Native people are suffering an offensive against their rights, which has intensified since Temer took office.

Temer, who went from vice-president to president in May 2016 after the impeachment and removal of Dilma Rousseff, who was elected in 2014 and accused of fiscal fraud, totally depends on mainly conservative parliamentary groups.

This dependence started with how he rose to power, because a two-thirds majority in both houses was required to remove Rousseff. But it has been heightened since May 17, when the scandal broke out that made Temer the country’s first sitting head of state to be formally charged with a crime.
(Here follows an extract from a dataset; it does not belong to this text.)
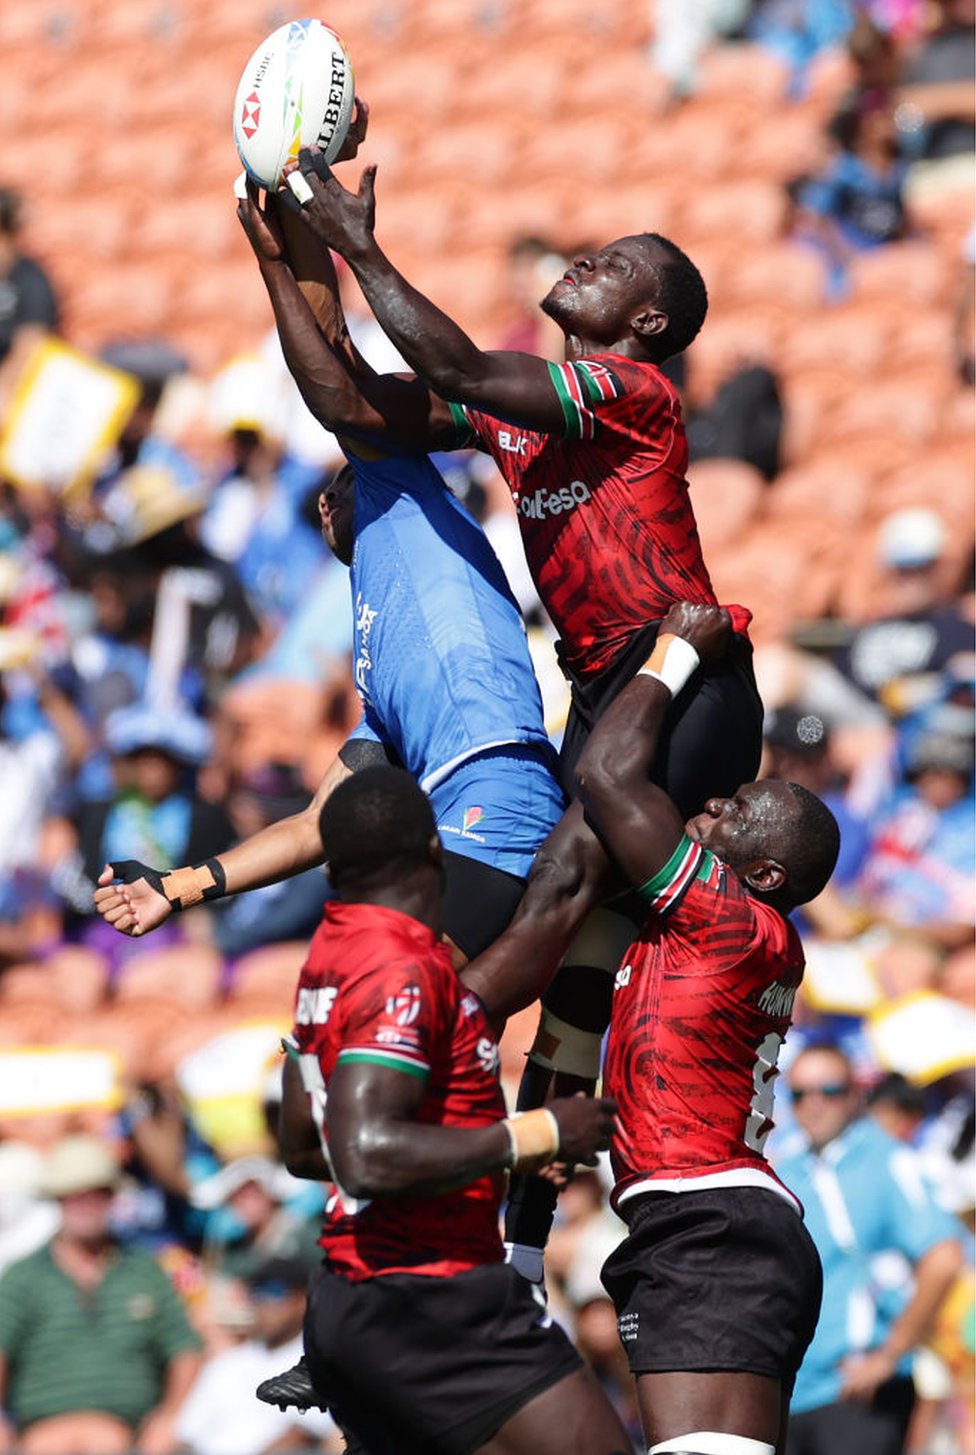 لاعبو "رغبي" من كينيا وساموا يمسكون بالكرة في مباراة "السباعي" بين البلدين في نيوزيلندة.

A conversation recorded by Joseley Batista, owner of JBS, the world’s largest meat processing company, was the basis for a formal accusation of corruption against Temer by the federal prosecution office.

On Aug. 2, the lower house of Congress rejected a corruption charge against Temer for alleged bribe-taking, which saved him from a possible Supreme Court trial might have removed him from office. But the federal prosecution office is preparing new charges of obstruction of justice and activity in a criminal organization, drawing out the parliamentary and judicial battle for the current presidency, which ends on Jan. 1, 2019.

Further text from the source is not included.